The melee swirled violently at the clifftop. The black spider priestess rampaged through a mass of Kumo, simply smashing the creatures from her path. Suddenly the priestess saw the baby lying hidden in the rocks. The spider hissed and lunged eagerly towards the child.
Kimiko saw the priestess racing towards the baby. Daitanishi was there, flinging himself wildly at the stone spider and bouncing uselessly off her armour. Kimiko raced fowards, eight legs clawing at the rocks. The green spider saw Sura fighting clear of the Dokufu charge, and screamed out to her in panic.
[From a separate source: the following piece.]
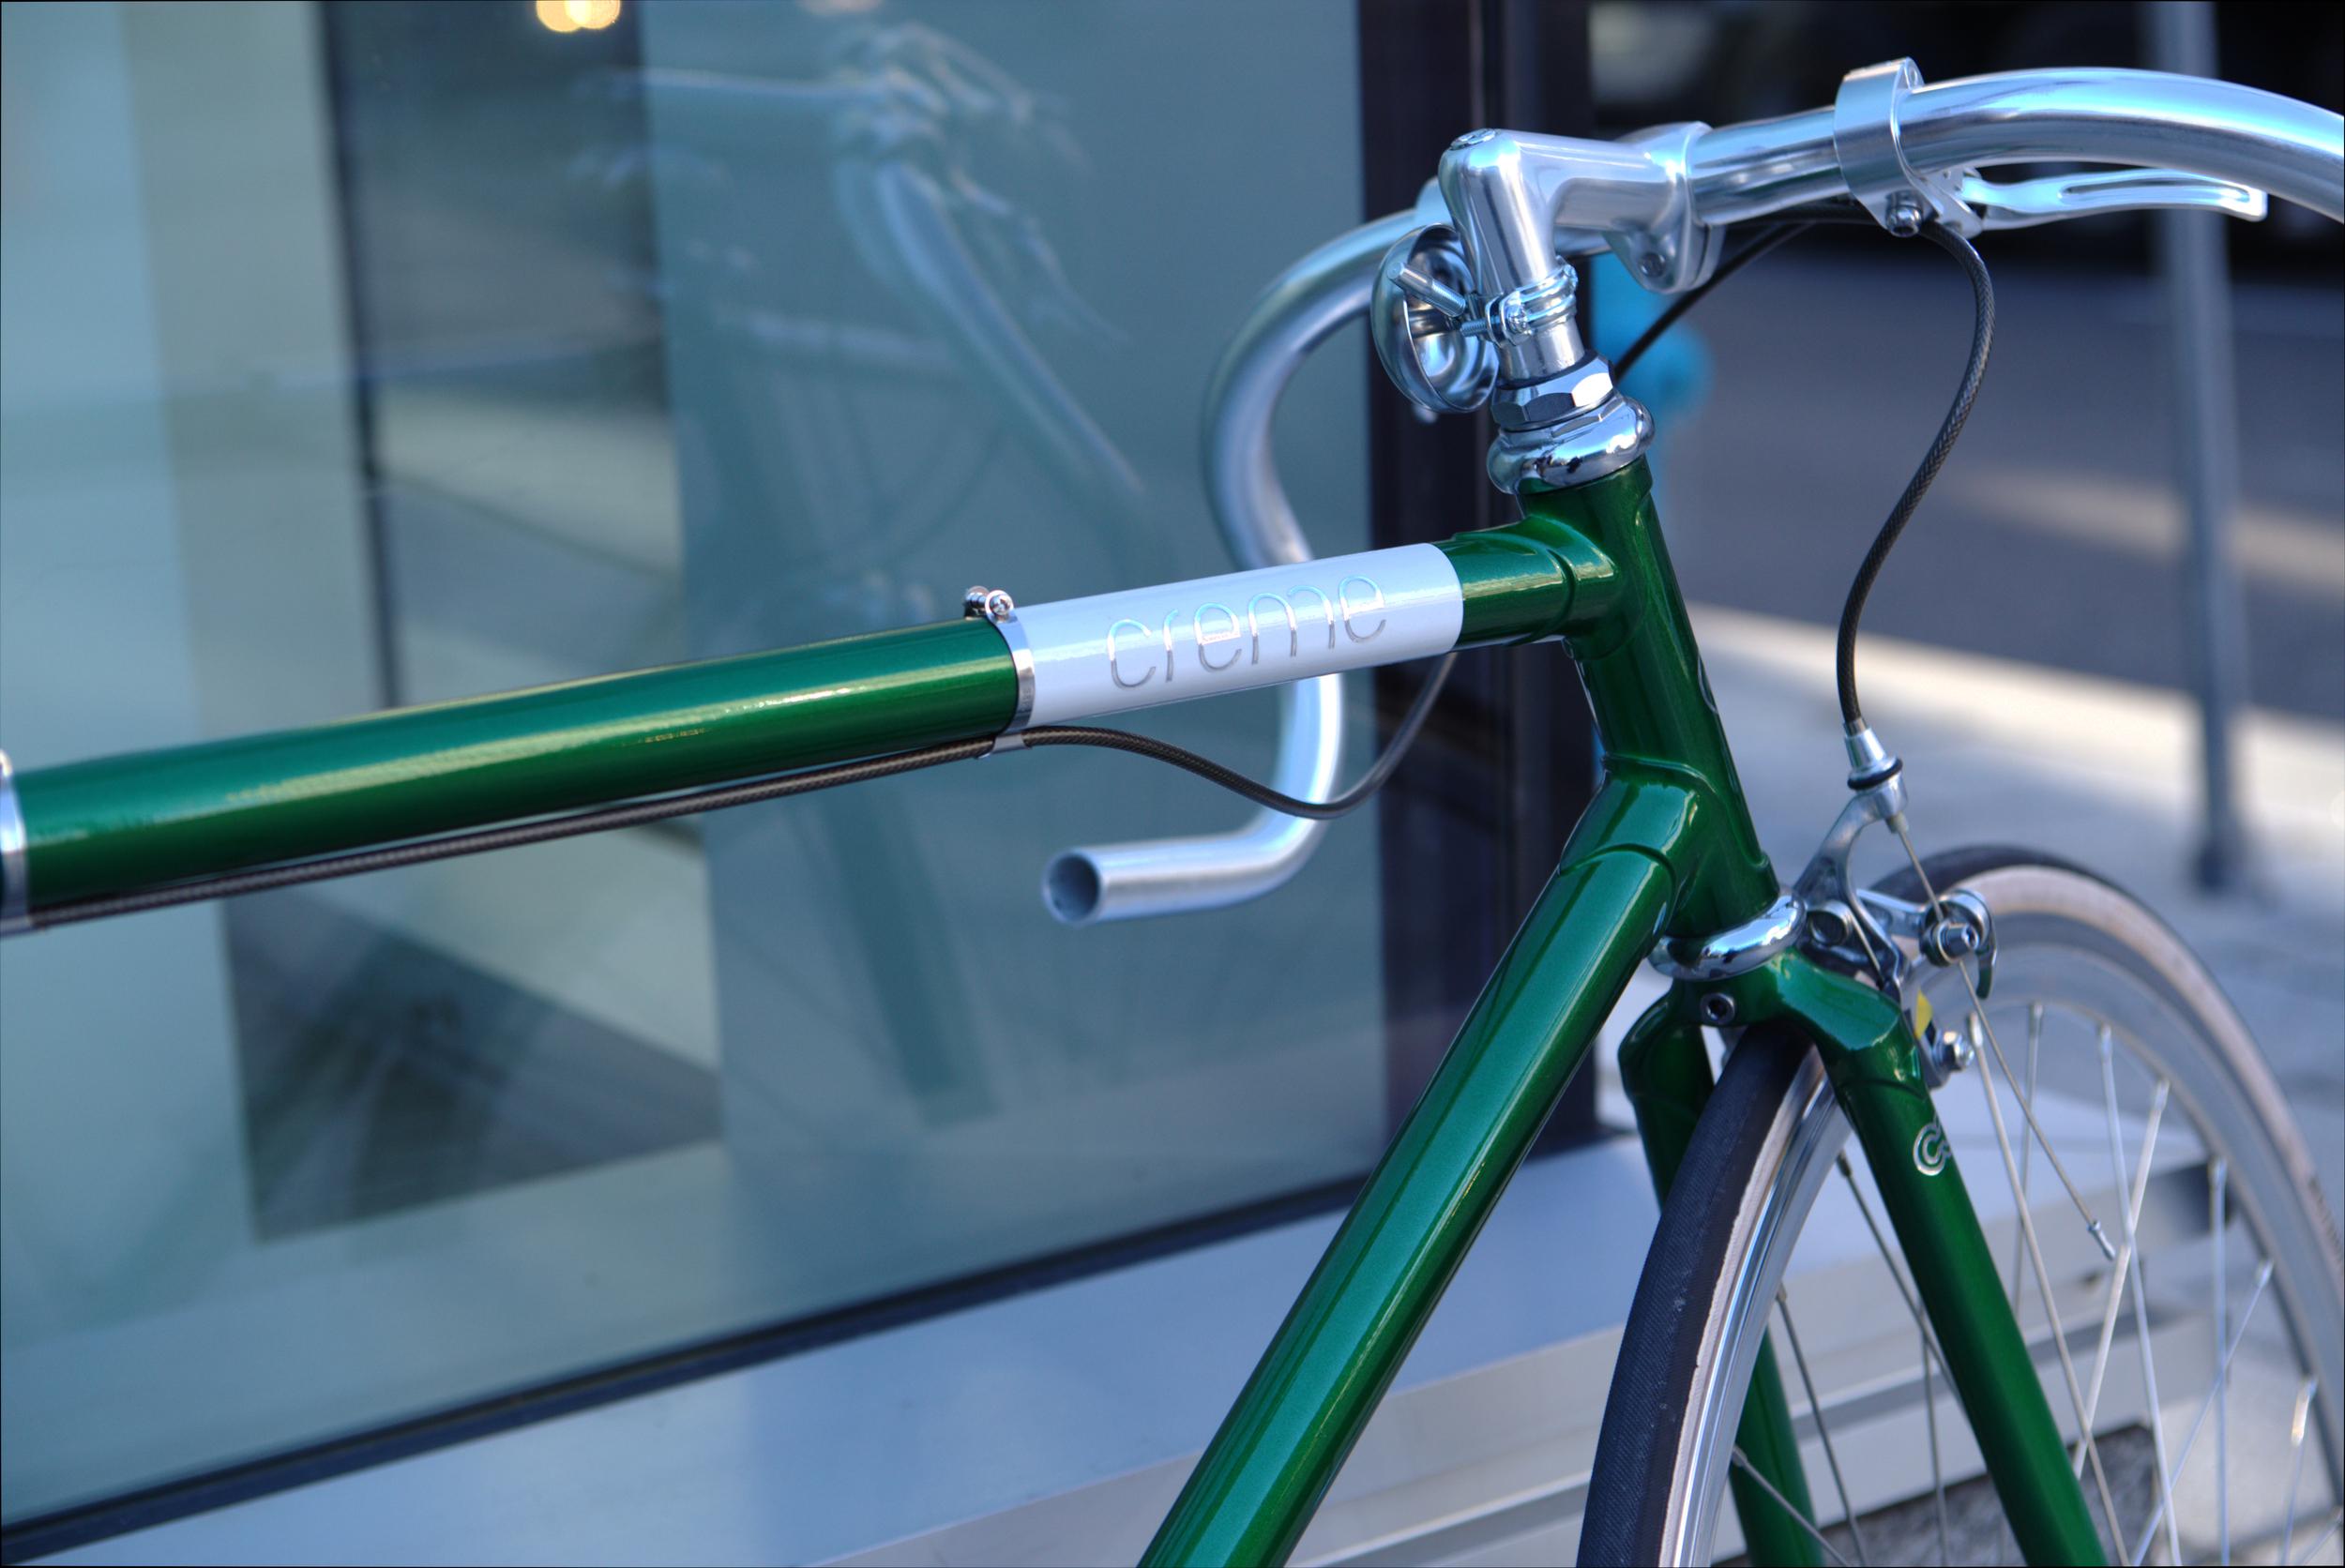 Creme Cycles Fixed Gear Bike Ottawa Canada.jpg

Tiring, Sura whipped about and saw the charging black spider. The fox leapt forward with a sudden frenzy of strength. She slammed forward, spear lunging outward, the magic blade smashing into the spider priestess. The fire elemental flashed, and pieces of black obsidian smashed and shattered. Sura held the monster pinned on her spear, jamming the weapon’s butt against the stones – the crossblades slammed tight against the spider’s chest. The spider priestess ravened at her, lashing out and driving forwards, fangs clashing – venom sizzlin
g as it spattered to the rocks.
The wooden spear haft creaked, bowing as the spider rammed itself further forwards. Sura managed to reach into one sleeve, pulling out a pepper egg. She hurtled it at the spider’s face, but the cloud of pepper had no effect.
She pulled her canteen from her belt. Bifuuko sped past, seizing the canteen and pinning it against the spider. Daitanishi whipped low across the rocks and crashed into the canteen, shattering it and showering the spider’s carapace with brandy.
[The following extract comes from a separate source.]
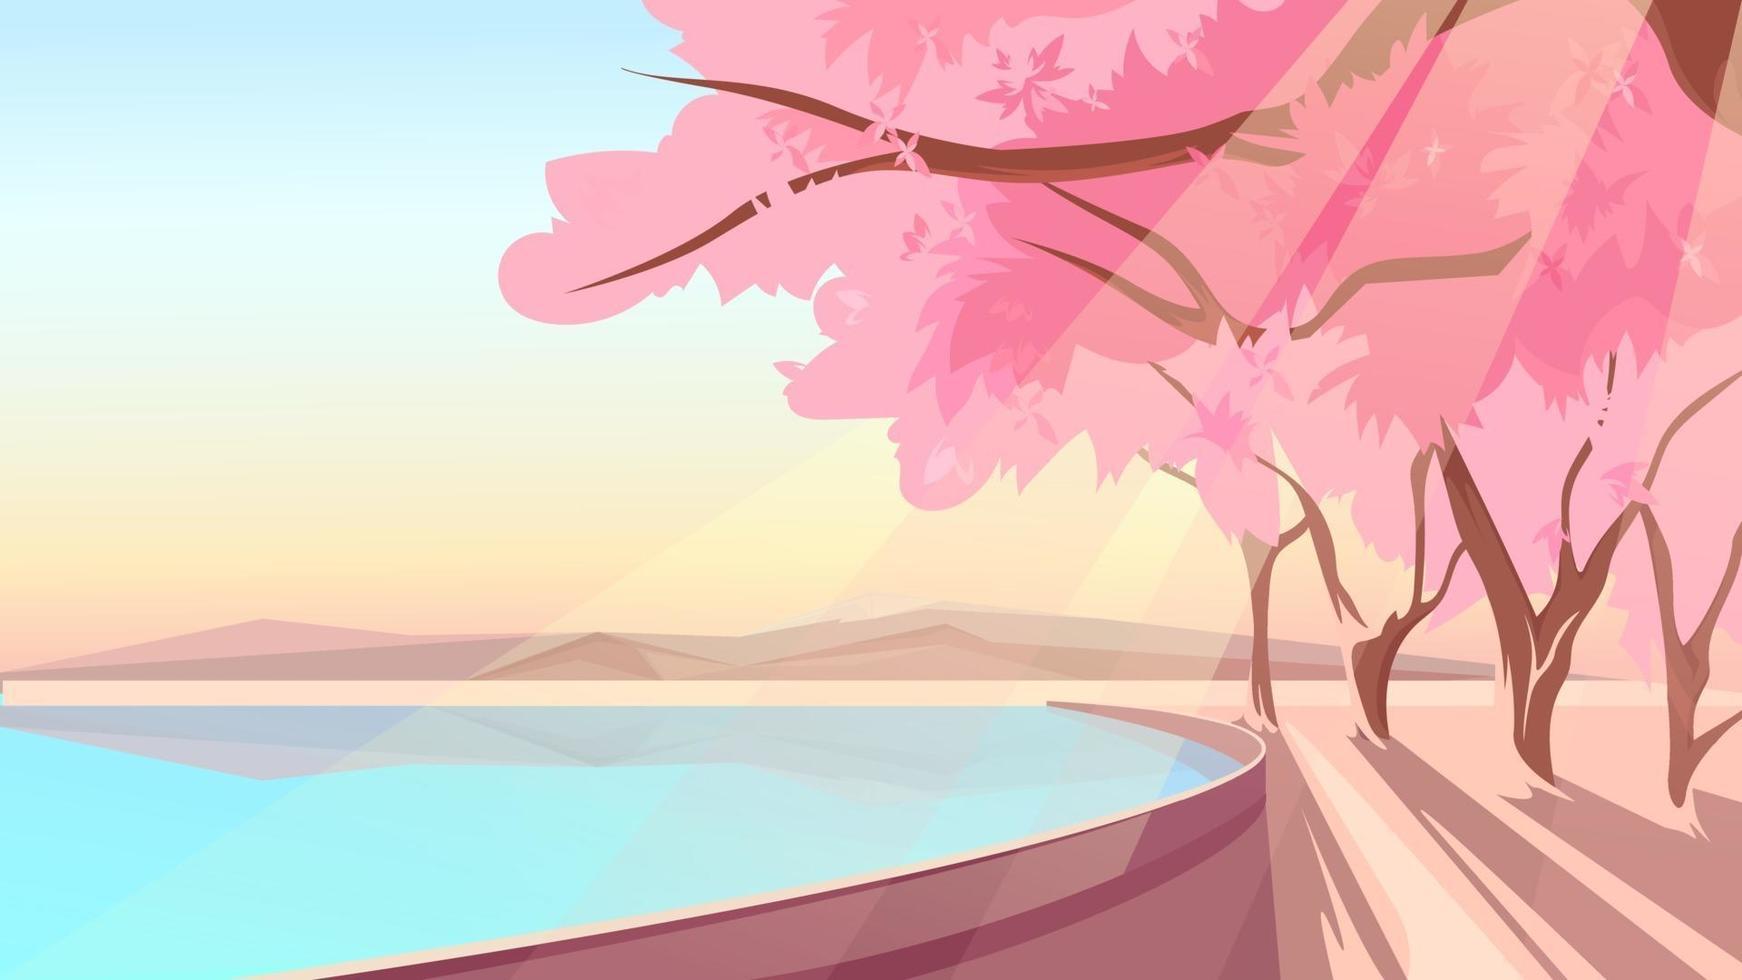 fioritura sakura sulla riva del lago vettore

The liquor caught afire as flames licked out from the fire elemental in Sura’s spear. Blue flames flickered over the spider. The monster jerked back in panic, pulling free from the spear and beating frantically at her own head to kill the flames.
Kimiko lashed out with a sticky web, snared the Dokufu priestess and tugged with all her strength. The black spider tripped and fell, legs thrashing. Sura lunged in with her spear and shoved. The Dokufu priestess fell tumbling from the cliff, screaming as she plunged down into the gorge below.
Kimiko raced to pick up the baby in her forelegs and cradle him against her heart. Sura half collapsed on a boulder beside her. Out in the rocks, the last of the Dokufu were hurtled back from the cliff, with Kuno running a final monster through and then whipping clean his blade.
Down in the gorge, within the evil pattern of bones, the Dokufu priestess lay broken and dying. She shifted, shimmering and changing into human form. Naked and broken, the woman dragged herself to the centre of the pattern, croaking out a dark, horrifying spell.
Strength was failing her. The priestess groped and found a dagger made of yellowed bone.